As stated earlier, FreeBSD supports running binaries from several other UNIX®es. This works because FreeBSD has an abstraction called the execution class loader. This wedges into the execve(2) syscall, so when execve(2) is about to execute a binary it examines its type.
There are basically two types of binaries in FreeBSD. Shell-like text scripts which are identified by #! as their first two characters and normal (typically ELF) binaries, which are a representation of a compiled executable object. The vast majority (one could say all of them) of binaries in FreeBSD are from type ELF. ELF files contain a header, which specifies the OS ABI for this ELF file. By reading this information, the operating system can accurately determine what type of binary the given file is.
Every OS ABI must be registered in the FreeBSD kernel. This applies to the FreeBSD native OS ABI, as well. So when execve(2) executes a binary it iterates through the list of registered APIs and when it finds the right one it starts to use the information contained in the OS ABI description (its syscall table, errno translation table, etc.). So every time the process calls a syscall, it uses its own set of syscalls instead of some global one. This effectively provides a very elegant and easy way of supporting execution of various binary formats.
The nature of emulation of different OSes (and also some other subsystems) led developers to invite a handler event mechanism. There are various places in the kernel, where a list of event handlers are called. Every subsystem can register an event handler and they are called accordingly. For example, when a process exits there is a handler called that possibly cleans up whatever the subsystem needs to be cleaned.
Those simple facilities provide basically everything that is needed for the emulation infrastructure and in fact these are basically the only things necessary to implement the Linux® emulation layer.

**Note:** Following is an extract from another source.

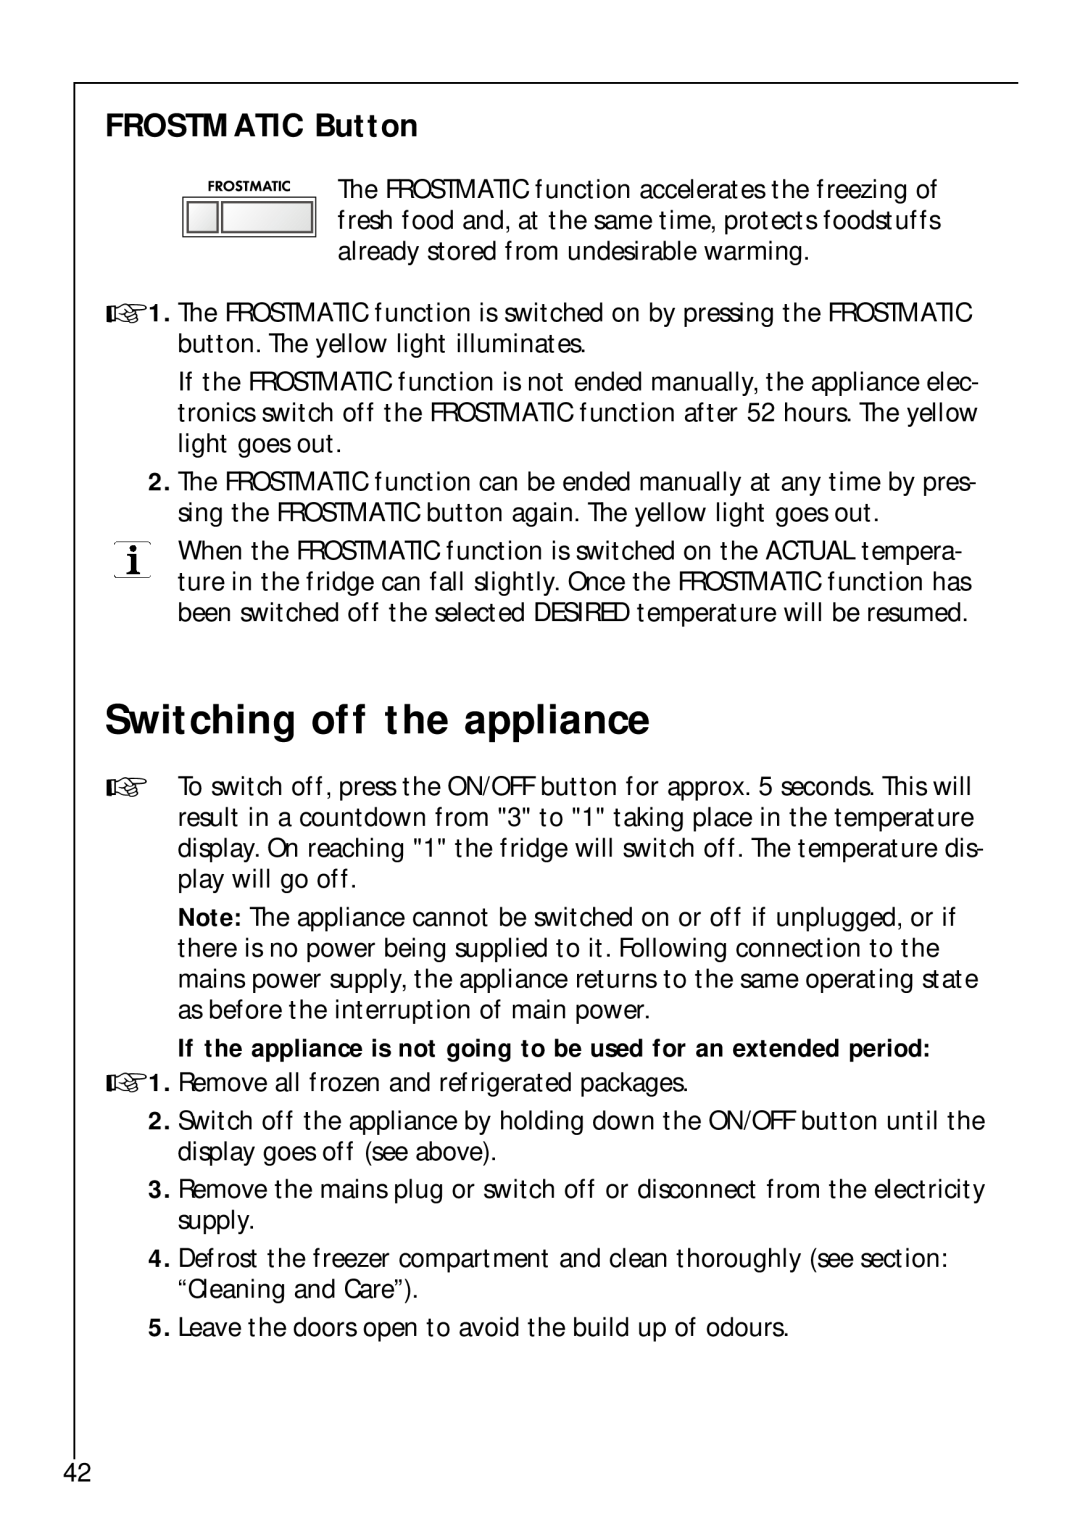 Electrolux Z 9 18 42-4 I user manual Switching off the appliance, FROSTMATIC Button

Emulation layers need some support from the operating system. I am going to describe some of the supported primitives in the FreeBSD operating system.
Contributed by: Attilio Rao <[email protected]>
The FreeBSD synchronization primitive set is based on the idea to supply a rather huge number of different primitives in a way that the better one can be used for every particular, appropriate situation.

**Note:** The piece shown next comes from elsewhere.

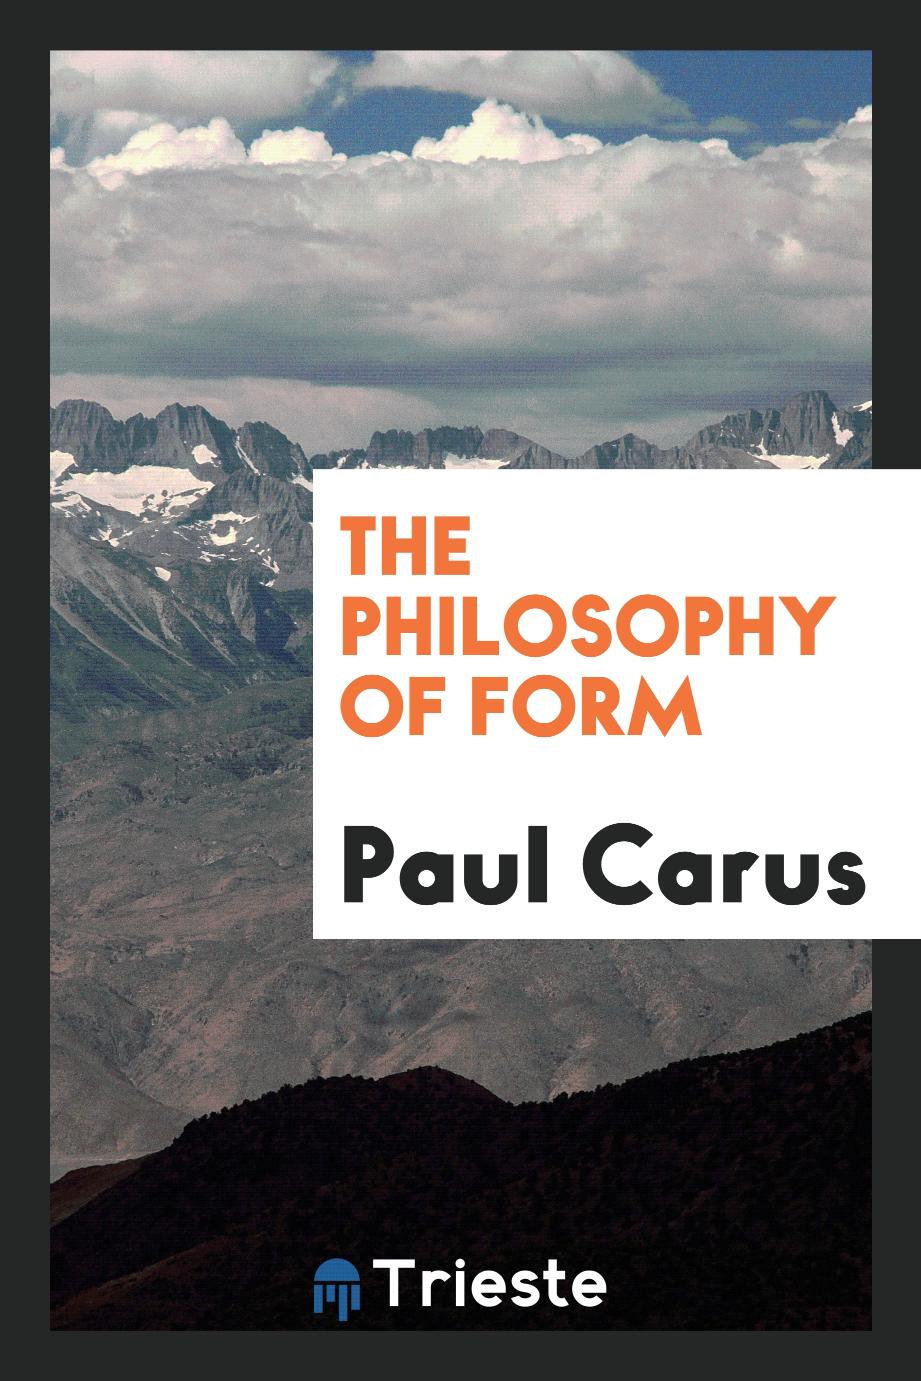 The philosophy of form

To a high level point of view you can consider three kinds of synchronization primitives in the FreeBSD kernel:
atomic operations and memory barriers
locks
scheduling barriers
Below there are descriptions for the 3 families. For every lock, you should really check the linked manpage (where possible) for more detailed explanations.
Atomic operations are implemented through a set of functions performing simple arithmetics on memory operands in an atomic way with respect to external events (interrupts, preemption, etc.). Atomic operations can guarantee atomicity just on small data types (in the magnitude order of the .long. architecture C data type), so should be rarely used directly in the end-level code, if not only for very simple operations (like flag setting in a bitmap, for example). In fact, it is rather simple and common to write down a wrong semantic based on just atomic operations (usually referred as lock-less). The FreeBSD kernel offers a way to perform atomic operations in conjunction with a memory barrier. The memory barriers will guarantee that an atomic operation will happen following some specified ordering with respect to other memory accesses. For example, if we need that an atomic operation happen just after all other pending writes (in terms of instructions reordering buffers activities) are completed, we need to explicitly use a memory barrier in conjunction to this atomic operation. So it is simple to understand why memory barriers play a key role for higher-level locks building (just as refcounts, mutexes, etc.). For a detailed explanatory on atomic operations, please refer to atomic(9). It is far, however, noting that atomic operations (and memory barriers as well) should ideally only be used for building front-ending locks (as mutexes).
Refcounts are interfaces for handling reference counters. They are implemented through atomic operations and are intended to be used just for cases, where the reference counter is the only one thing to be protected, so even something like a spin-mutex is deprecated. Using the refcount interface for structures, where a mutex is already used is often wrong since we should probably close the reference counter in some already protected paths. A manpage discussing refcount does not exist currently, just check sys/refcount.h for an overview of the existing API.
FreeBSD kernel has huge classes of locks. Every lock is defined by some peculiar properties, but probably the most important is the event linked to contesting holders (or in other terms, the behaviour of threads unable to acquire the lock). FreeBSD's locking scheme presents three different behaviours for contenders:
spinning
blocking
sleeping
Note: numbers are not casual
Spin locks let waiters to spin until they cannot acquire the lock. An important matter do deal with is when a thread contests on a spin lock if it is not descheduled. Since the FreeBSD kernel is preemptive, this exposes spin lock at the risk of deadlocks that can be solved just disabling interrupts while they are acquired. For this and other reasons (like lack of priority propagation support, poorness in load balancing schemes between CPUs, etc.), spin locks are intended to protect very small paths of code, or ideally not to be used at all if not explicitly requested (explained later).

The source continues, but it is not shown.